Scott Hamilton / The Grand Appearance

 

 Scott Hamilton(スコット・ハミルトン)1954年生まれで、幼い頃はピアノとクラリネットを習い17歳からテナー・サックスに転向1976年にニューヨークへ進出したミュージシャンです。レコードデビューは1977年で、このアルバムはその翌年の1978年の録音です。
 かなり昔っぽい作風と録音なので1940年代かなと思っていたら新しい録音(と言っても40年以上前の録音ですが)なので、ビックリしました。なにしろ同時期のジャズ・フュージョン界のヒット作と言えば Weather Report などのフュージョン全盛期で、Heavy Weather(1977年)、Mr Gone(1978年)などのヒット作が発表され、旧来のジャズ人気が下火の頃と考えると、旧来の4ビート・ジャズ・ファンとジャズ至上主義の業界人は期待を寄せていたに違いありません。
 それだけに新人のサポートはHank Jones(ハンク・ジョーンズ)Tommy Flanagan(トミー・フラナガン)George Mraz(ジョージ・ムラーツ)Connie Kay(コニー・ケイ)と言ったジャズ・ジャイアンツばかりなのがすごい。

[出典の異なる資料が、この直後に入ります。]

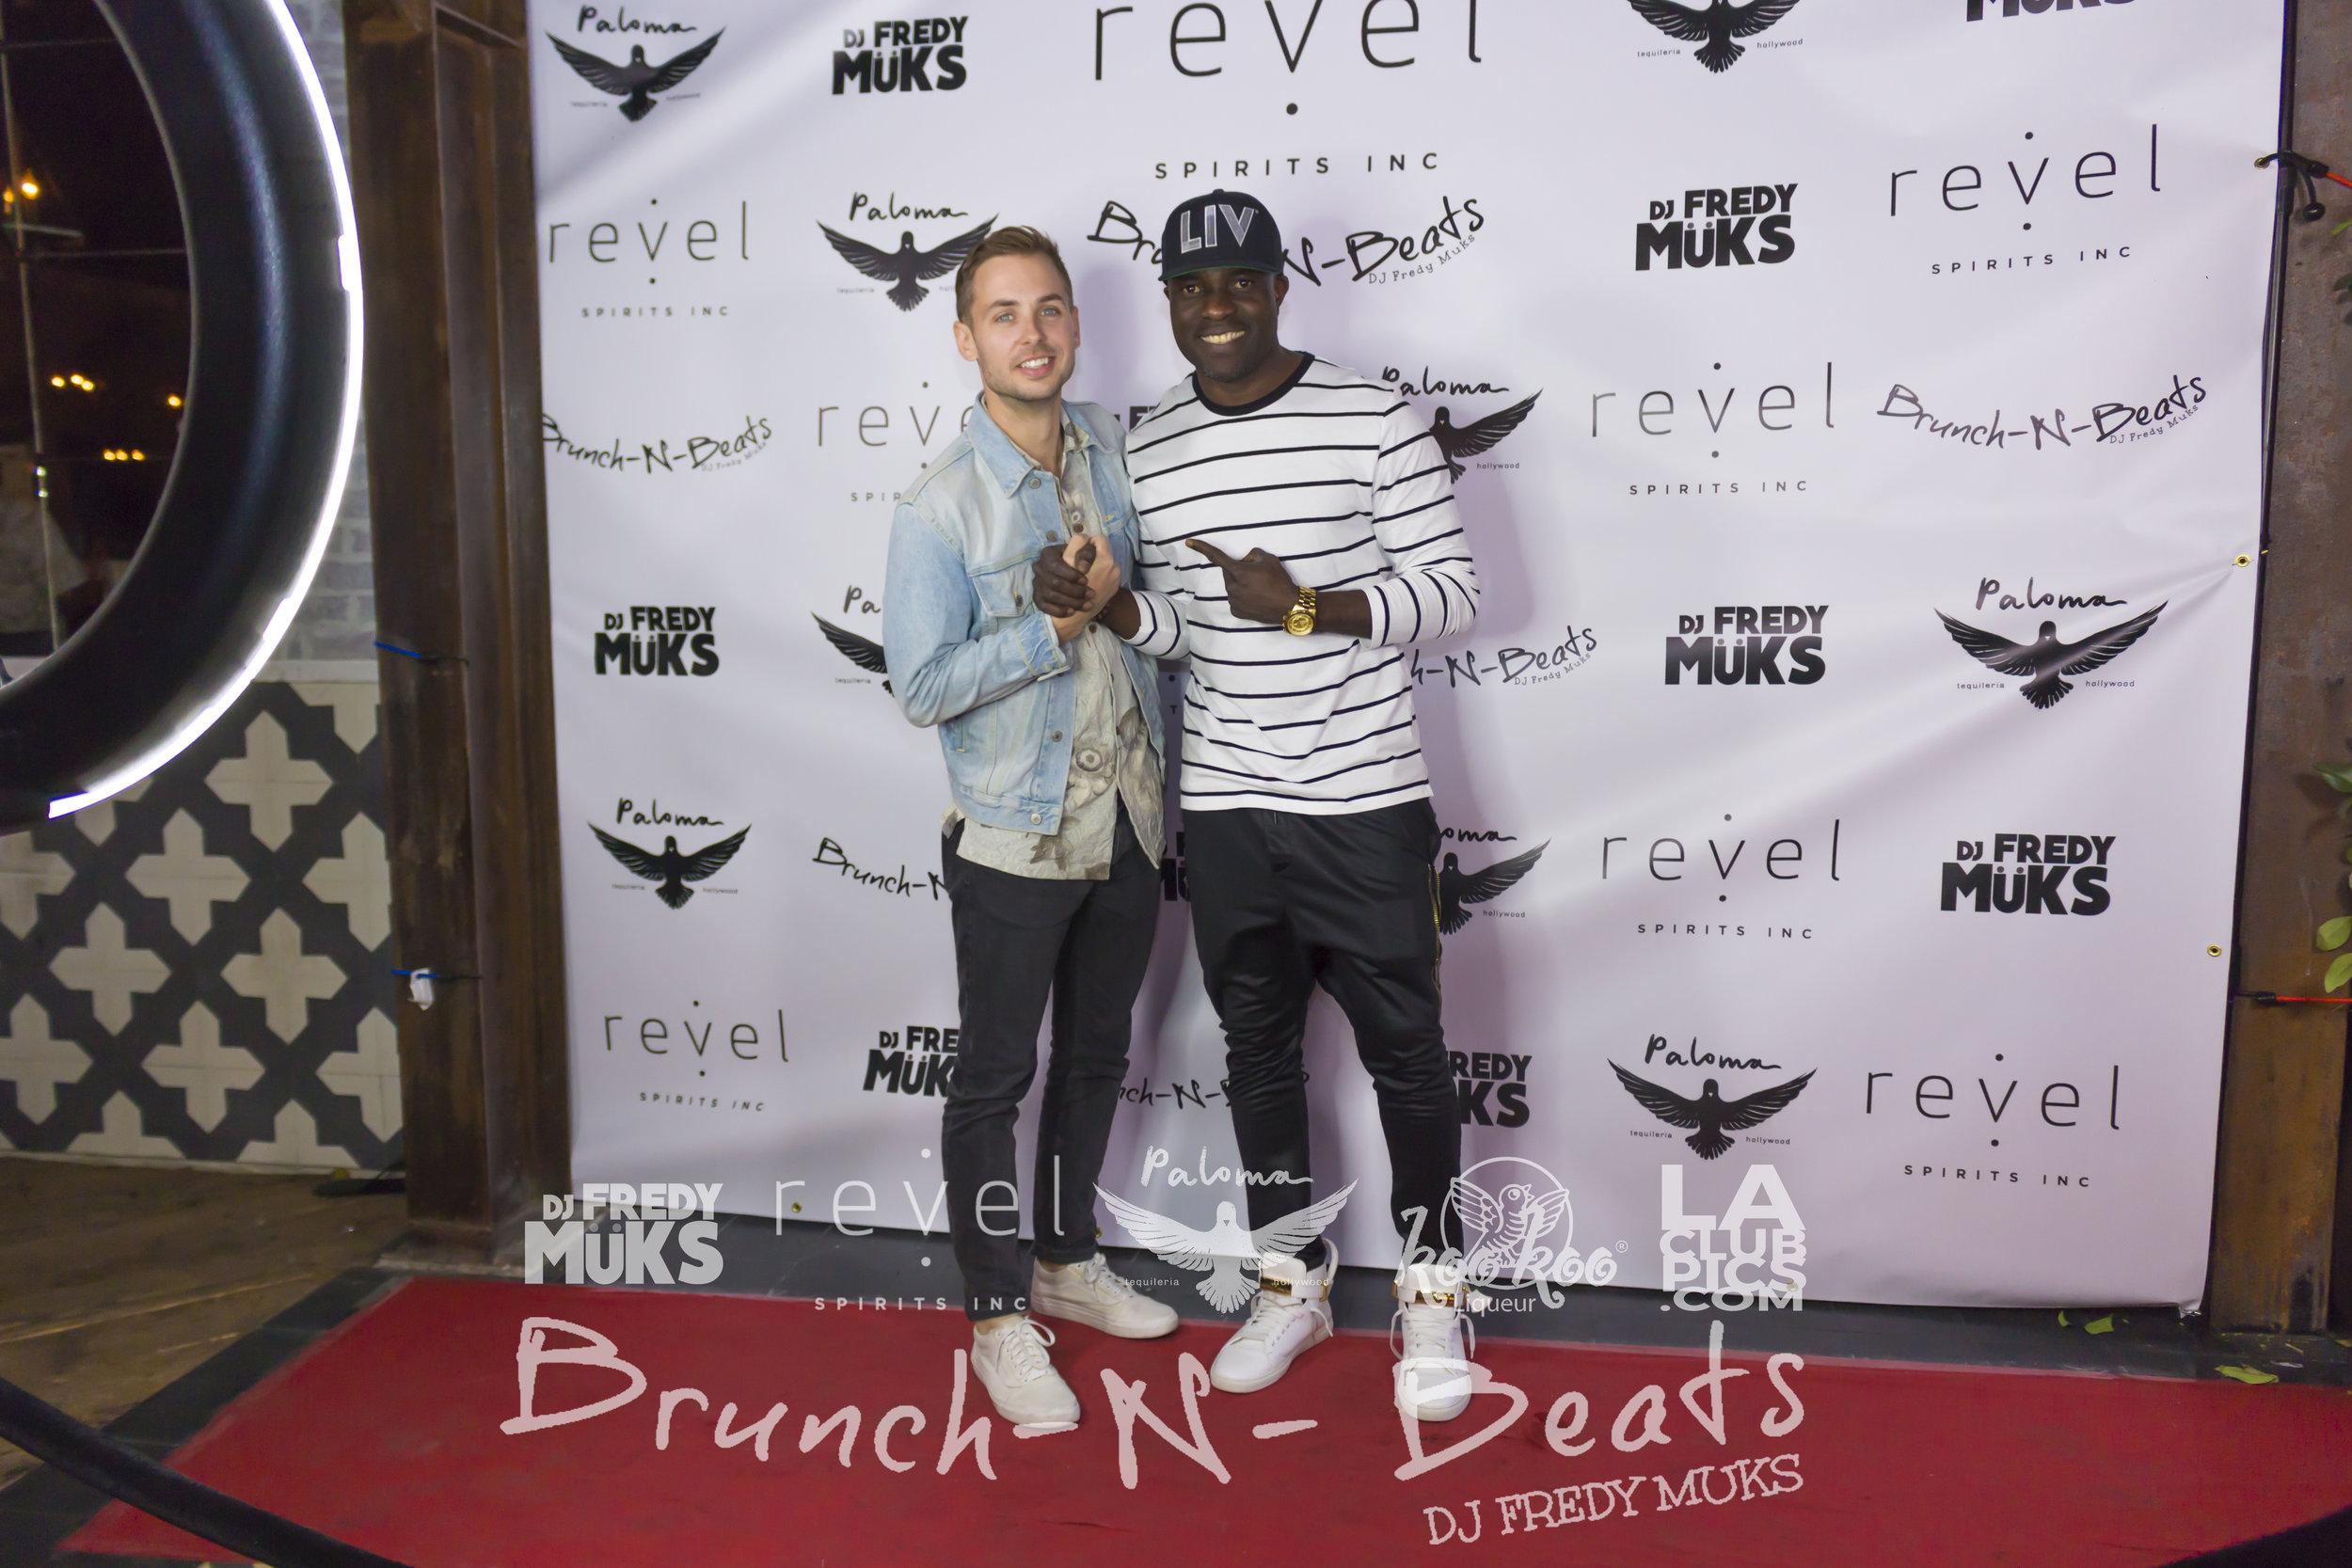 Brunch-N-Beats - Paloma Hollywood - 02-25-18_185.jpg

 現在私の所有音源でもテナー奏者に着目した音源は少ないため、参加されているアルバムは見当たりませんでした。名前は知っていたが、あまり聴いたことがない人だけに新鮮。テナーならではの、深い響きとトーンです。所有音源で近いのはZoot Sims(ズート・シムズ)ではありますが、彼ほどの図太い感じの夜と酒を感じるような音でもなく品行方正な
感じがしました。
 それではアルバムのレビューです。Crazy Rhythm 1928年のミュージカル Here's Howe のために Irving Caesar、Joseph Meyer、Roger Wolfe Kahn によって書かれた作品で、ショーがこれから始まるようなオープニングに相応しい軽やかな曲。I May Be Wrong 1929年の Henry Sullivan の作曲 Harry Ruskinn による作詞のポピュラーソングで、ローボイスで歌うようなテナー・サックスのソロはムードは満点で緩やかなソロは聴きやすい。Body And Soul は定番のスタンダード。軽めのタッチは聴きやすくて良いが少々刺激が欲しい。 All Of Me も定番のスタンダードですが、こちらは少しテンポ・アップしてきて流れるようなテナー・ソロとなっていて高音のしゃくりも出てくる。段々と面白くなってきました。ピアノの Hank Jones のソロ、George Mraz のベース・ソロの回しも余裕があります。The Shadow Of Your Smile (Theme From The Sandpiper) は邦題「いそしぎ」ですね。ここまでがピアノが Hank Jones です。You'd Be So Nice To Come Home To 邦題は「帰ってくれたらうれしいわ」で大橋巨泉によってつけられたらしいですが、こちらはそのまま英語読みの方がポピュラーですね。ピアノは Tommy Flanagan に交代して現代的なサウンドにぐっと変わったのが印象的で、スイングする波が違うのがよくわかります。I Thought About You は1939年のJimmy Van Heusen 作曲、Johnny Mercer 作詞のスタンダードでロマンチックなテーマがいかにもジャズって感じで素敵な曲です。これも Tommy Flanagan によって全く違うスイング感が出て ハミルトンのサックスも前半の古き良き時代を思わせる吹き方から変わってきている。伴奏によってインスパイアされるフレーズが変わるんでしょうね。Out Of Nowhere は1931年 Edward Heyman、Johnny Green によるポピュラー作品で Body And Soul の作者でもあります。イントロからいきなりテーマをハミルトンが吹き始めるのですが、テーマ部分は静かにソロで徐々に盛り上がりながら強弱をつけながら盛り上がっていくのが静かに盛り上がります。Cheek To Cheek 1935年のTop Hat というミュージカル映画にために Irving Berlin が書いた曲でいかにもジャズらしい盛り上がりのあるメロディがスムーズ。このアルバムで一番盛り上がっているような気がします。New York Blizzard Blues はハミルトン作曲です。スインギーでメンバーが一番リラックスして演奏しているので最後にもってきたのでしょうか。
 若干退屈さも感じましたが、聴きこめばピアニストでこれほど演奏の内容が変わるのかと対比がくっきりしているのを発見して少し面白くなった。デビューしたてのフレッシュなハミルトンと書いてありますが余りフレッシュさも感じないのが微妙ですかね。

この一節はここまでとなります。